Aquela história de ficar horas esperando o técnico já é coisa do passado, viu?

Hoje, todas as prestadoras têm condições de deslocar o técnico mais perto da chamada, por meio de um sistema de gestão de externas, cujo painel de controle mostra onde cada profissional está. Indo além, na tela, exibe qual o status das chamadas de cada um. Se já começou, está em andamento ou foi encerrada.

Essas informações dão liberdade ao gestor de se programar a agendar ali, na hora, a partir das chamadas de emergência que recebem no dia a dia.

Fique de olho no contrato! 

Uma dica é sempre checar o contrato de cada prestador de serviços para conferir qual o período de atendimento estipulado: duas, três, quatro horas, a partir da abertura do chamado.

Por falar em contrato, fique atento para cumprir o que é acordado.

Cada cláusula assegura uma boa qualidade de atendimento na gestão da manutenção.

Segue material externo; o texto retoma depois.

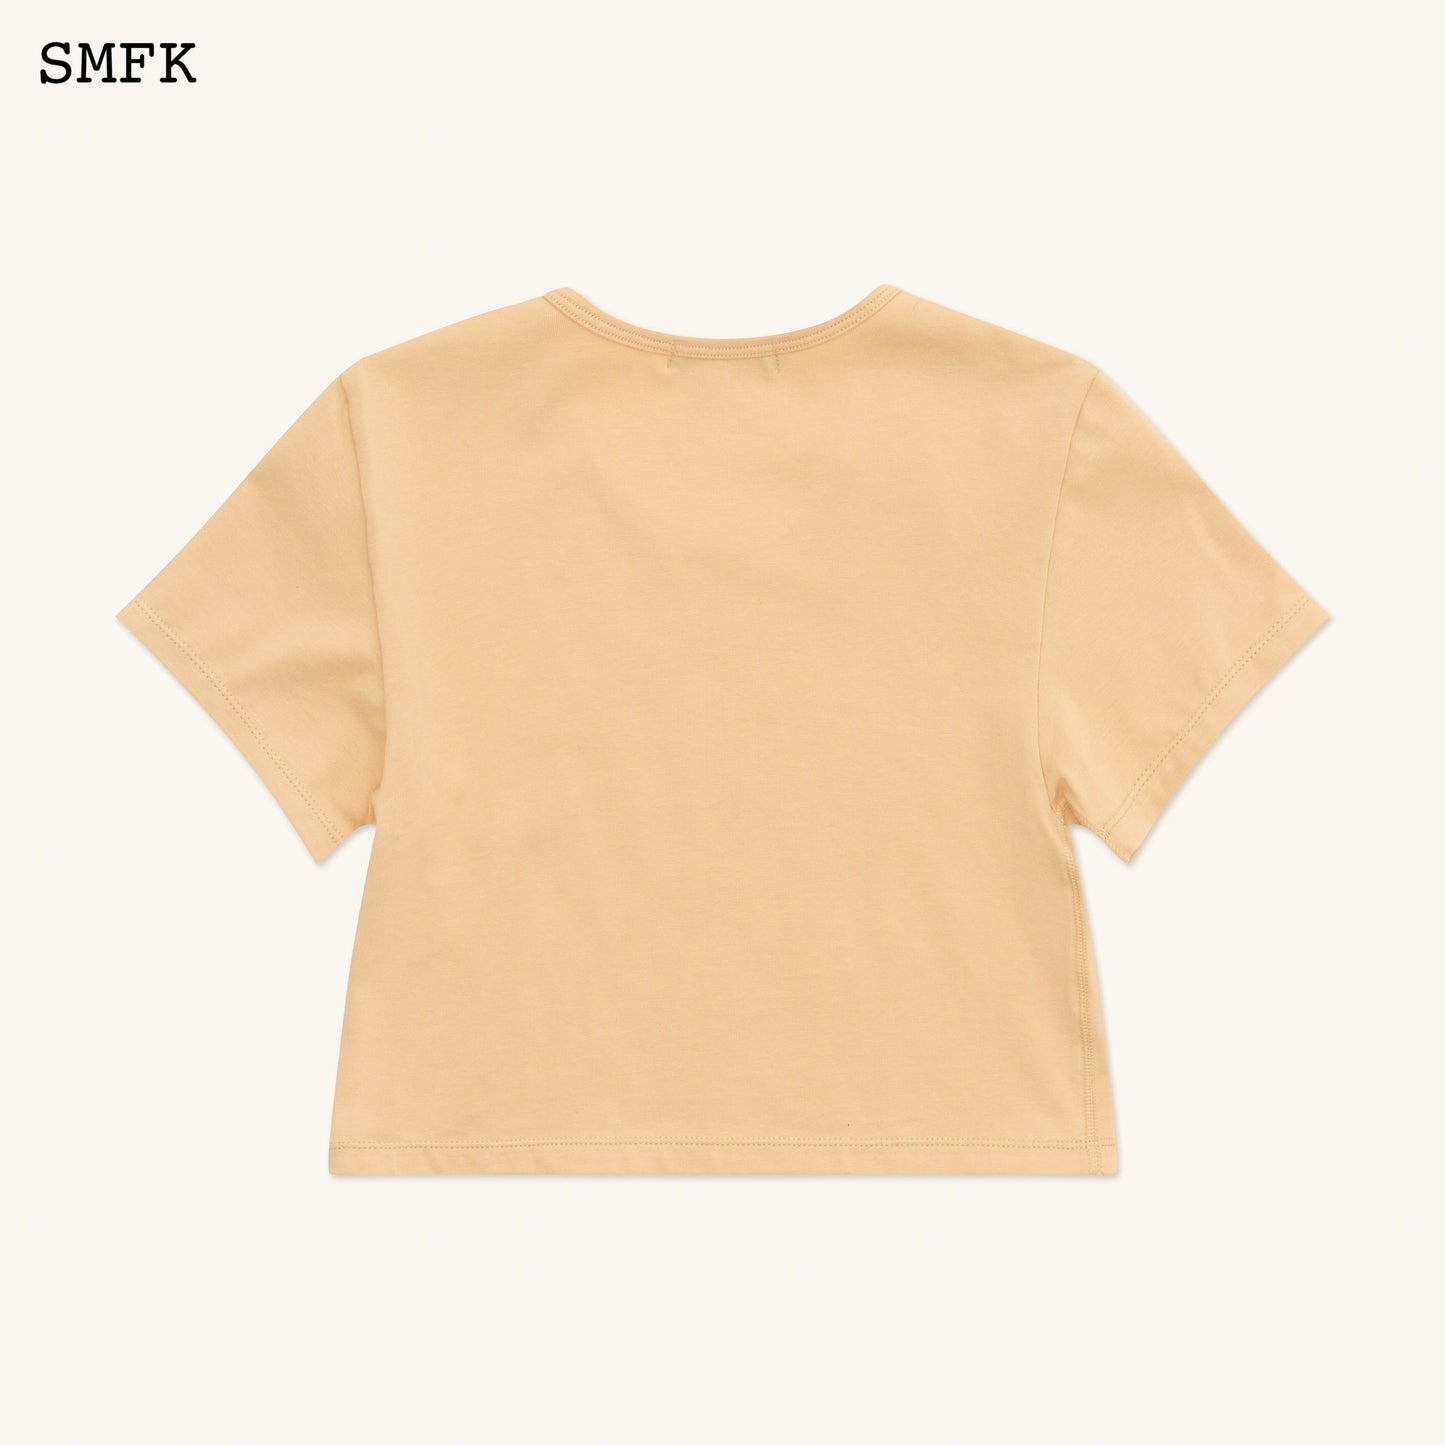 SMFK Compass Cross Classic Sporty Tights Tee In Sand

Quantas visitas serão realizadas em determinado período, caso seja necessário ultrapassar o limite, será cobrado à parte, as peças serão cobradas ou já estão inclusas no contrato…

Parece que não, mas tudo isso tem relevância.

Se o produto comercializado não pode ficar determinadas horas fora da climatização, deixe isso bem claro. O atendimento precisa ser o mais eficiente possível para evitar prejuízos.

Inclua todas as necessidades de manutenção e o que os problemas ocasionados pela falta dela pode afetar o seu negócio.

Quando se trata de qualidade do alimento, não podemos brincar! É questão de saúde pública.

Manter os alimentos bem conservados e em condições ideais de consumo, faz parte de uma boa cadeia produtiva.

Por isso, fique atento na qualidade do atendimento e na prestação de serviço que envolve o seu negócio!